Arbeiter:innenmacht

Stimmen aus der Tarifrunde-Länder: Erwartungen drücken oder Perspektiven geben?

Ein ver.di-Mitglied aus Berlin, Neue Internationale 278, November 2023

Seit einigen Monaten bin ich als Tarifbeschäftigter im TV-L in der Vorbereitung der Tarifrunde der Länder aktiv. Ich gehe mit Kolleg:innen auf Veranstaltungen wie tarifpolitische Konferenzen, Branchenkonferenzen, regionale wie überregionale, Tarifbotschafter:innentreffen, Fachbereichskonferenzen und vieles mehr. Alle verlaufen nach einem gewissen Schema F., auch wenn diese partizipativer ablaufen mögen als viele andere Gewerkschaftsveranstaltungen, da mein Fachbereich in Berlin-Brandenburg, FB C, stark durch die Krankenhausbewegung geprägt wurde und Organizing hier beliebt ist. Das Schema F bleibt aber, um die Erwartungen auf einen erfolgreichen Arbeitskampf zu dämpfen.

Überall wird gesagt, dass wir zu schwach organisiert sind. Christine Behle, stellvertretende ver.di-Vorsitzende, sagte beim ersten bundesweiten Treffen der Tarifbotschafter:innen direkt, dass wir nicht sofort von tabellenwirksamen Entgelterhöhungen ausgehen dürfen. Frank Werneke setzte gleich noch nach und führte das neue Mantra ein, dass die Krise ausgeblieben sei. Was uns hiermit bedeutet werden soll, ist, dass wir schuld sind, wenn ein schlechtes Ergebnis herauskommt. Und dass die Teuerungen der letzten beiden Jahre, die im Durchschnitt bei über 14 % liegen, gar nicht so wild sind.

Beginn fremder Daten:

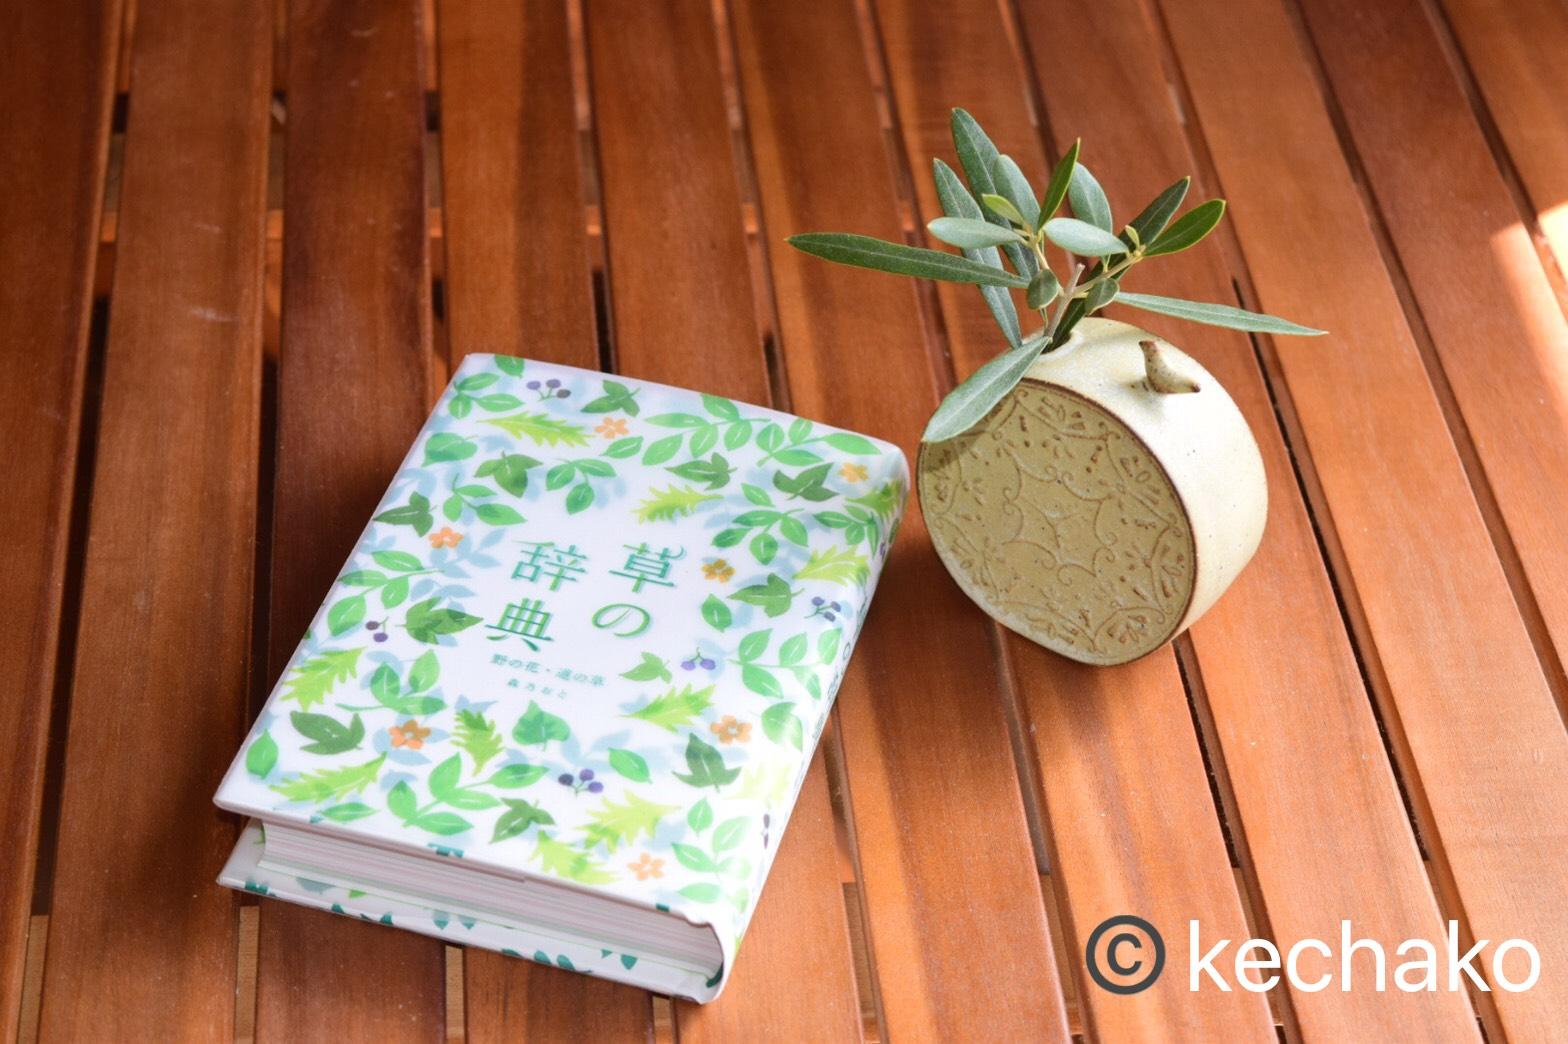 草の辞典とオリーブの小枝
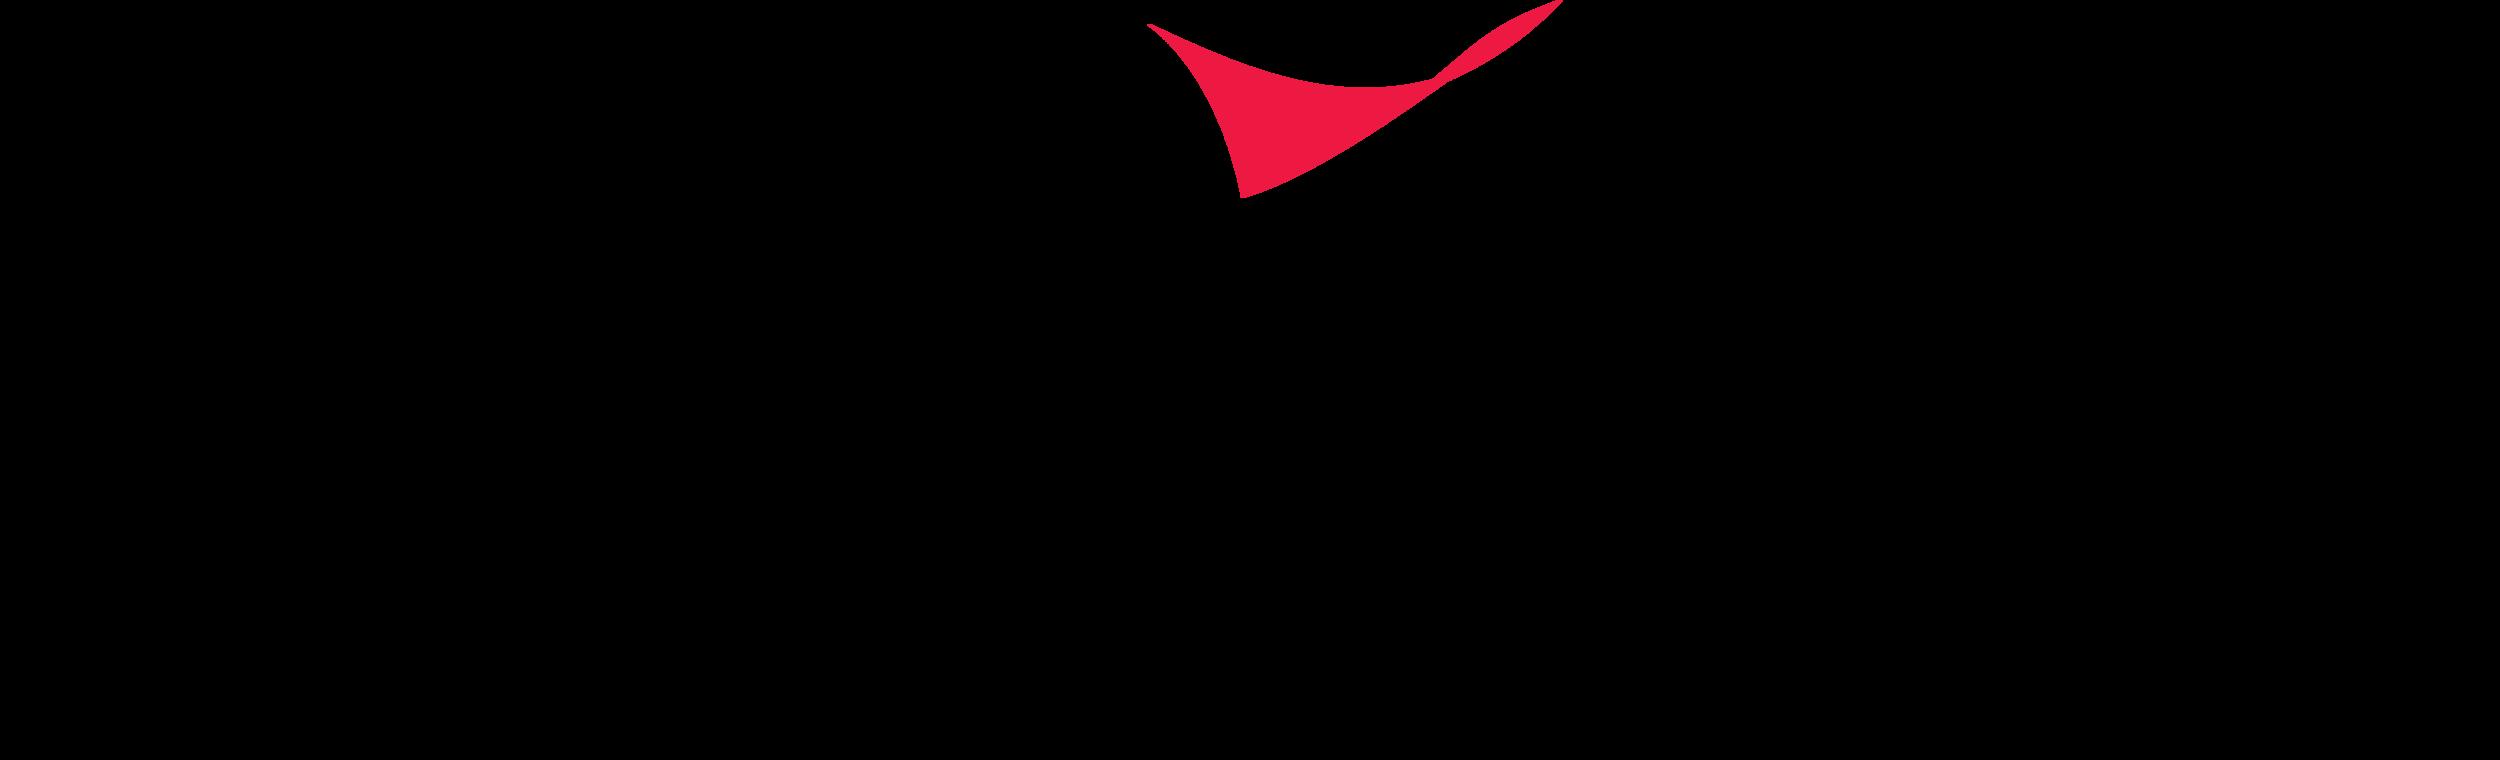 CP-logo-AK.png

Nur eines fehlt mir bei diesen Analysen: die Perspektive! Es stimmt, wir brauchen eine bessere Streikfähigkeit. Es stimmt, die Länder sind wenig verhandlungswillig. Denn sie lügen sich die Taschen voll und damit die Kassen leer, während die Steuereinnahmen hochkorrigiert werden mussten. Und das stört mich. Ich erwarte, dass mir die Gewerkschaftsführung einen Plan vorlegt, wie die Schwäche gebrochen werden kann. Ich erwarte, dass ich in meiner Gewerkschaft einen Raum bekomme, gerne auch mit demokratischen Möglichkeiten, wo wir über eine Streikausrichtung diskutieren und beschließen können, die auch den Erfolg ermöglicht. So wäre die Bedingung von 12 Monaten Laufzeit des Vertrags eine, denn dann könnten wir im öffentlichen Dienst zusammen streiken mit den Tarifbeschäftigten des TVöD bei Bund und Kommunen oder auch mit den Kolleg:innen der GDL. Aber nein: Wer Verbündete wie den Gewerkschaftsapparat hat, braucht keine Gegner:innen.